**Exercise description**.
For this listing, reproduce the line with "Silvermayjuly83", the line with "菲律宾发现尖牙蛙新物种Limnonectes beloncioi", and the lines between, exactly as they stand. Leave out pictures and all other lines.

**Source data**.
== == ==

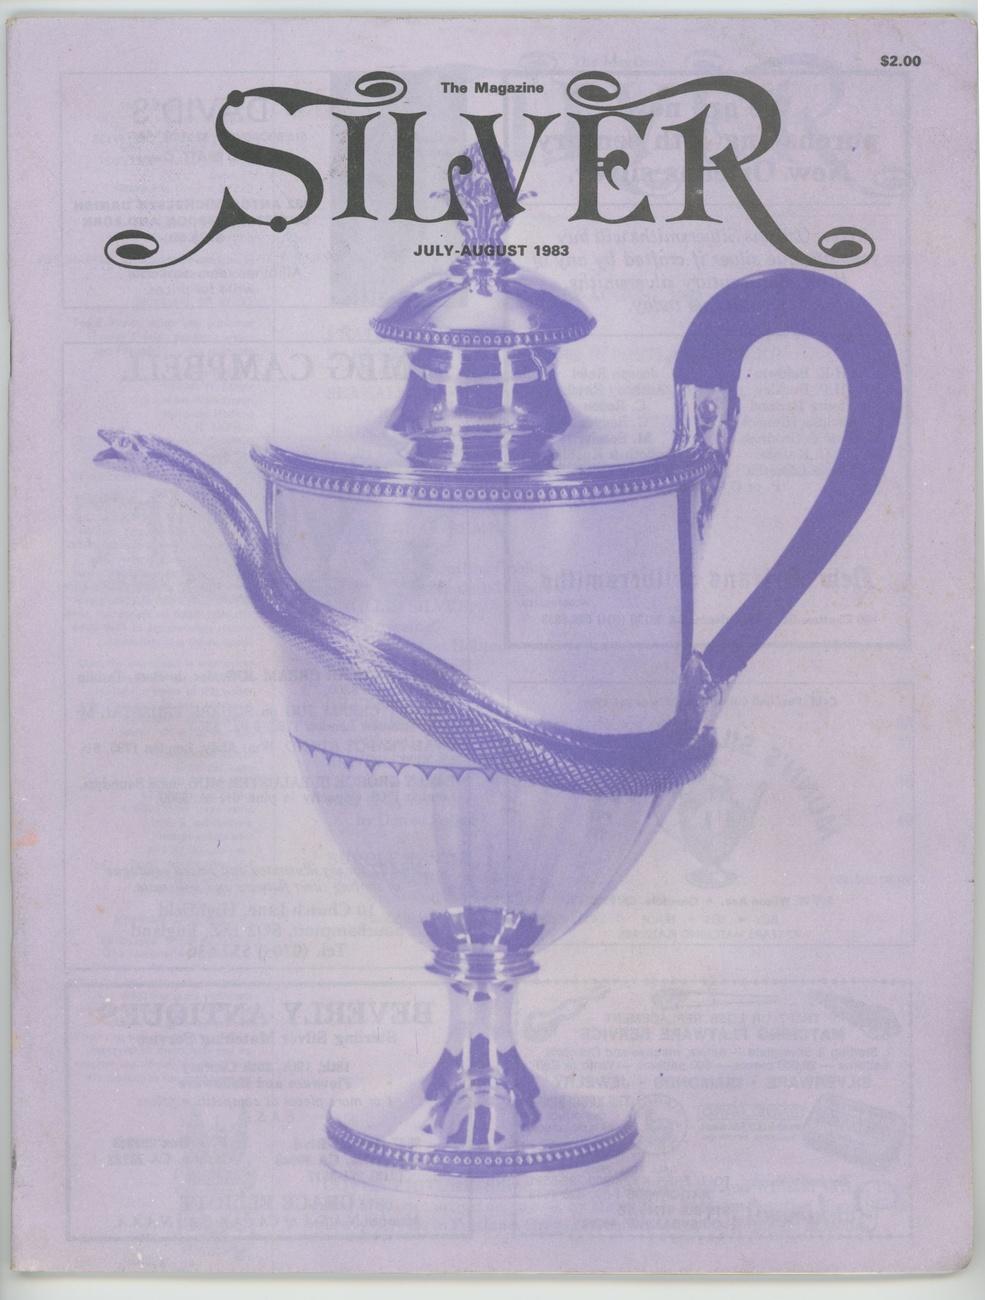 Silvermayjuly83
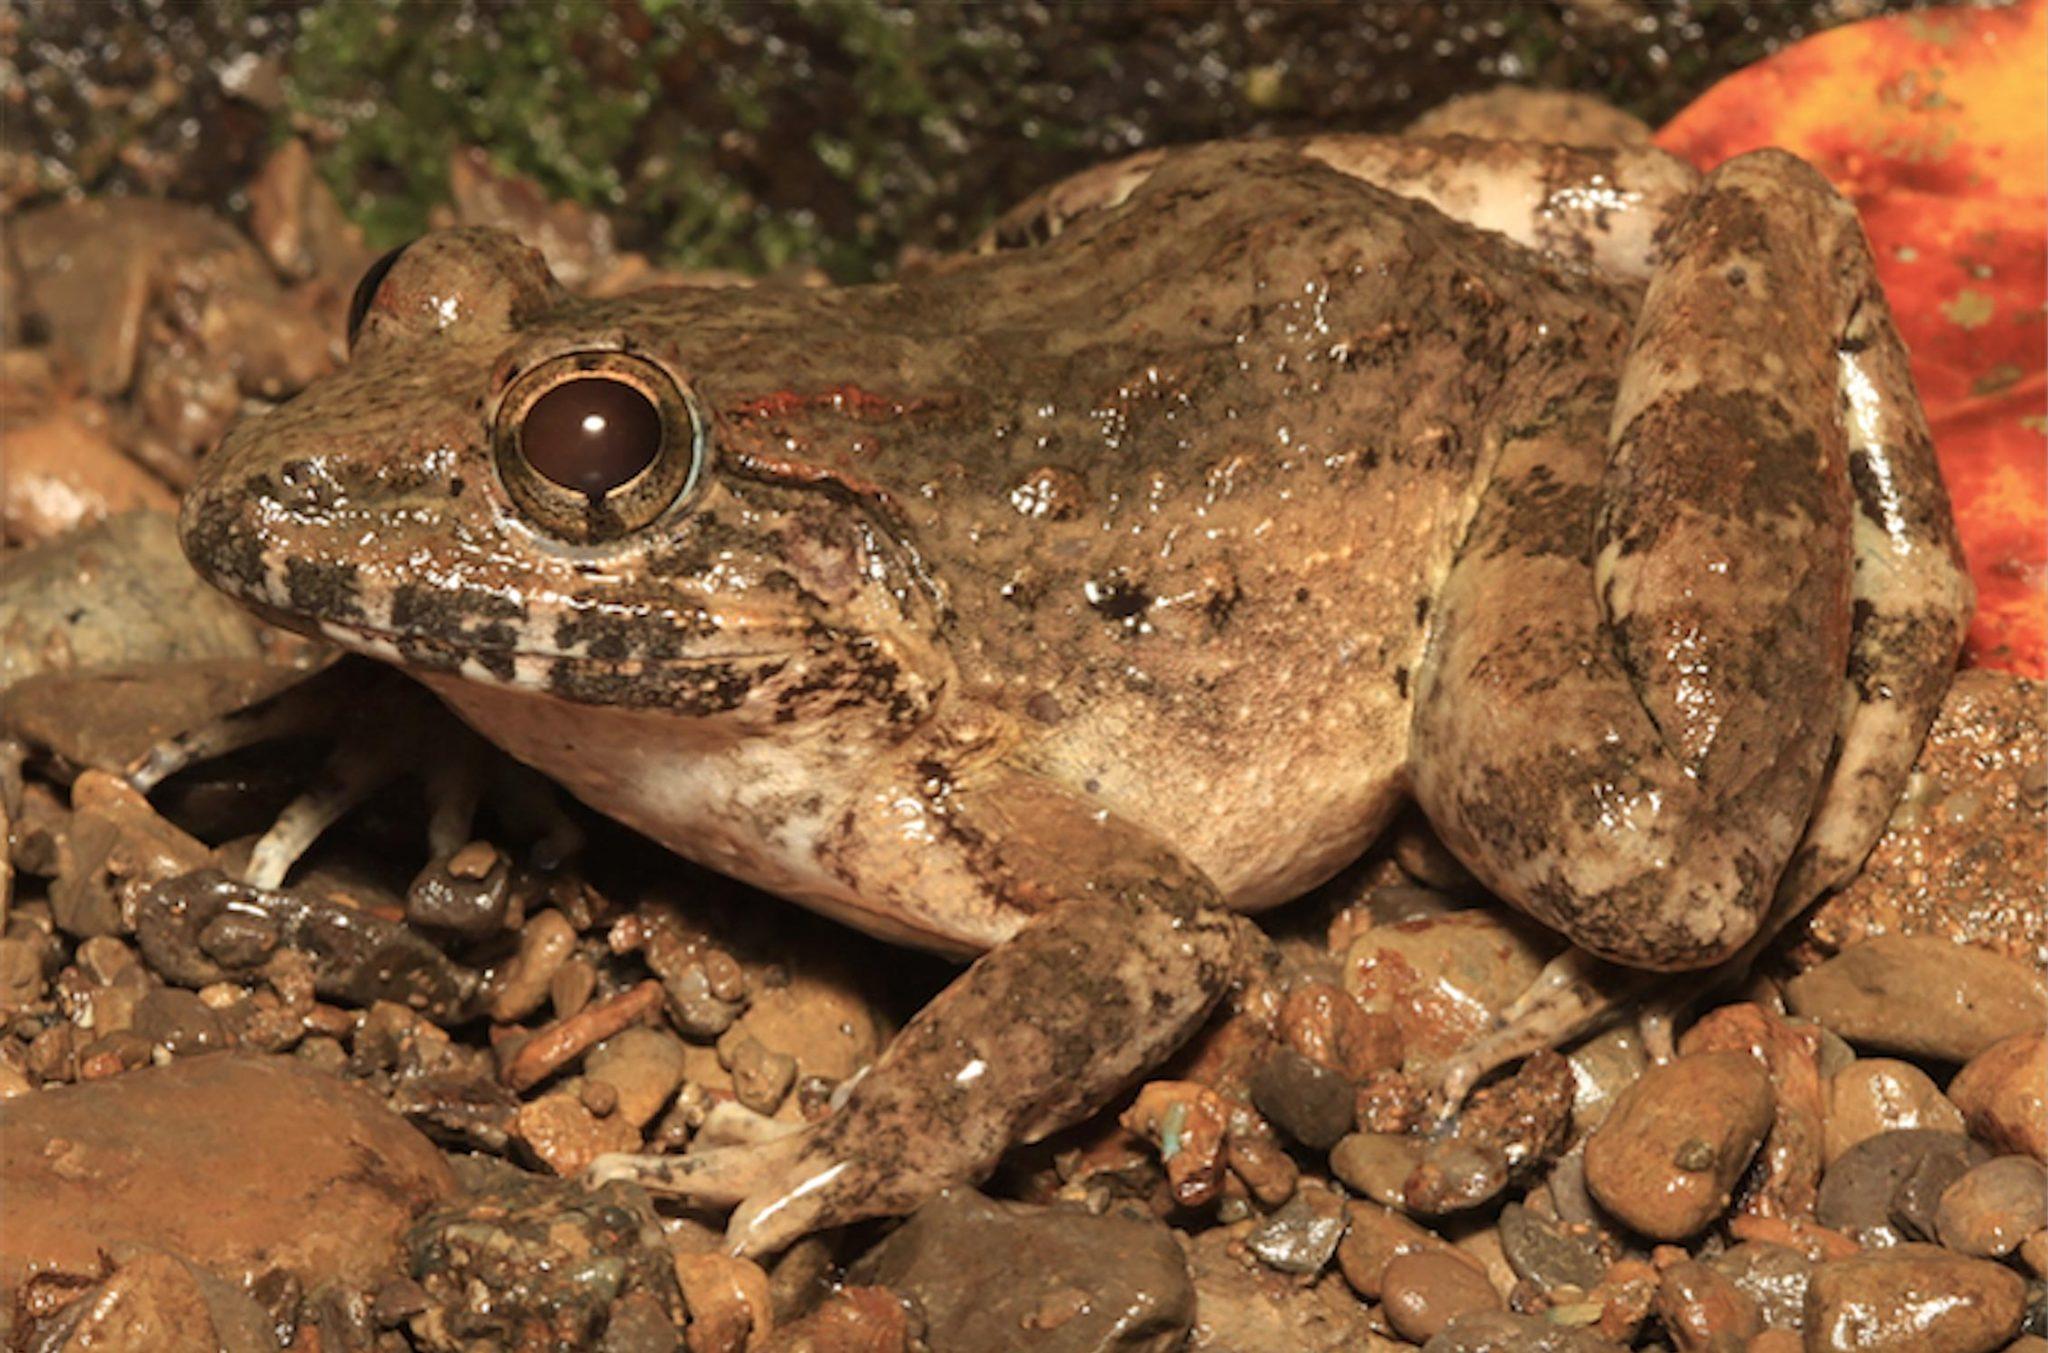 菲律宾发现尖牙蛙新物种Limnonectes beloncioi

== == ==

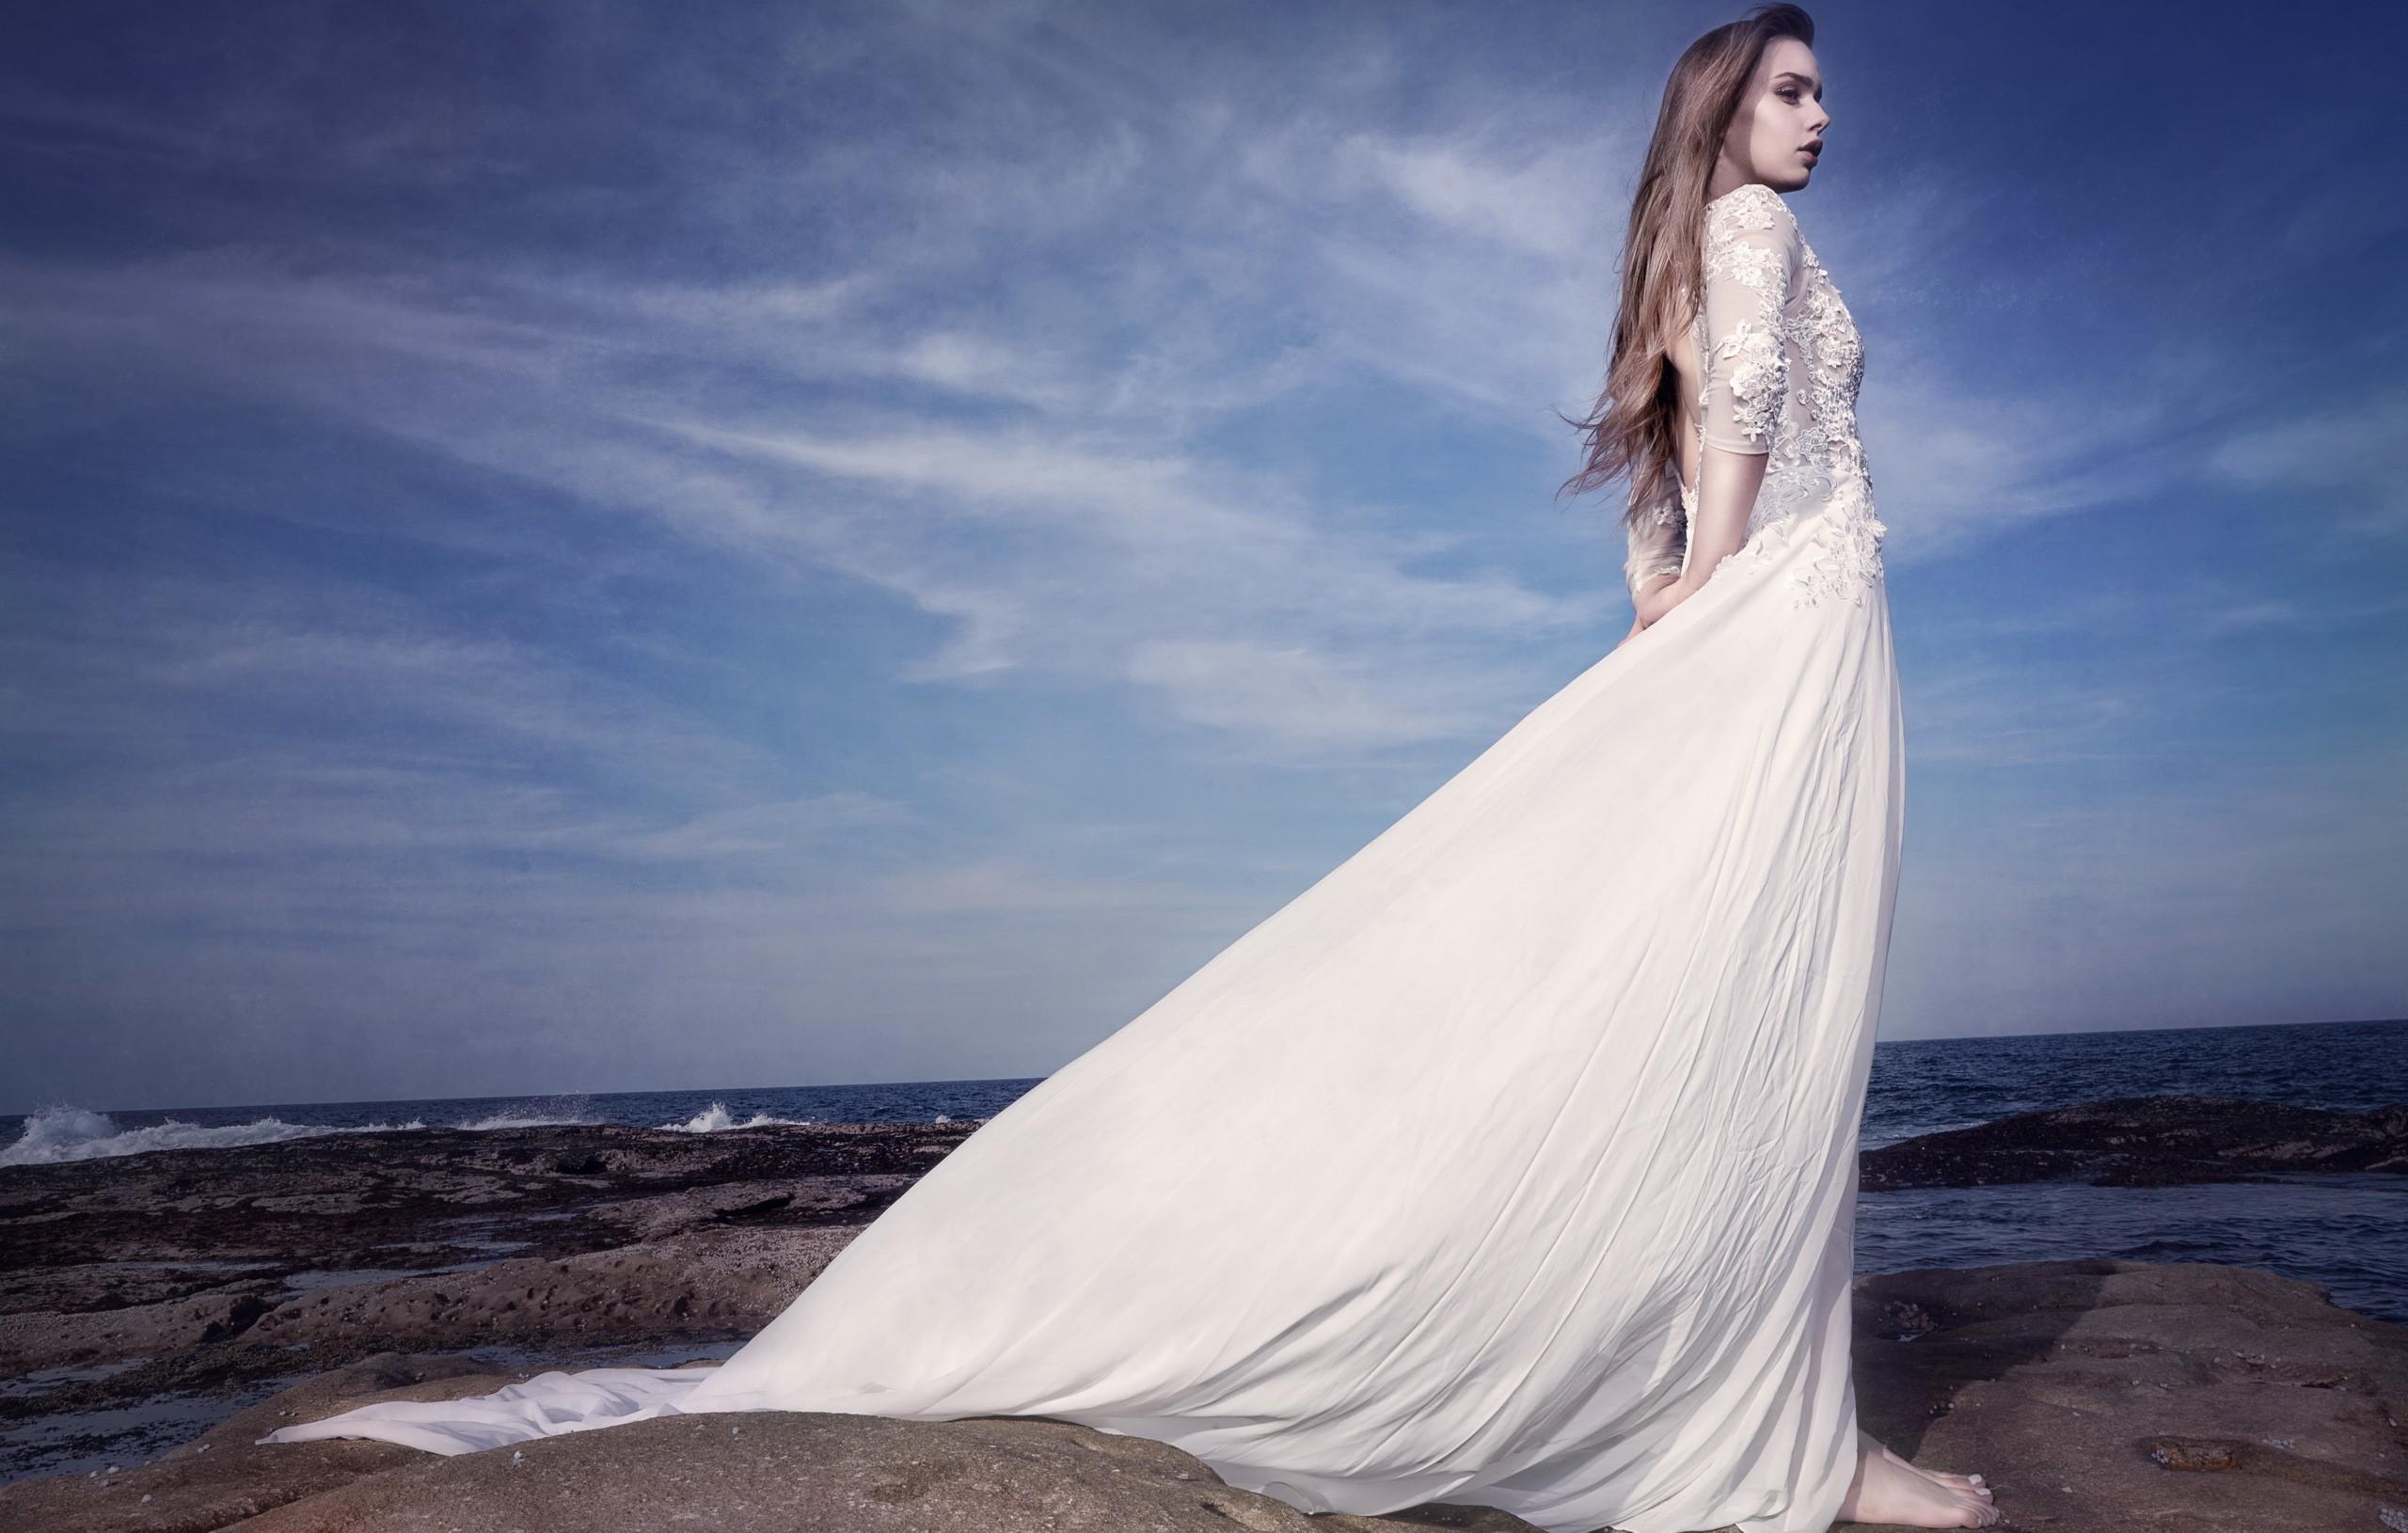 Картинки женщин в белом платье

== == ==

**Reply**.
 Silvermayjuly83
 菲律宾发现尖牙蛙新物种Limnonectes beloncioi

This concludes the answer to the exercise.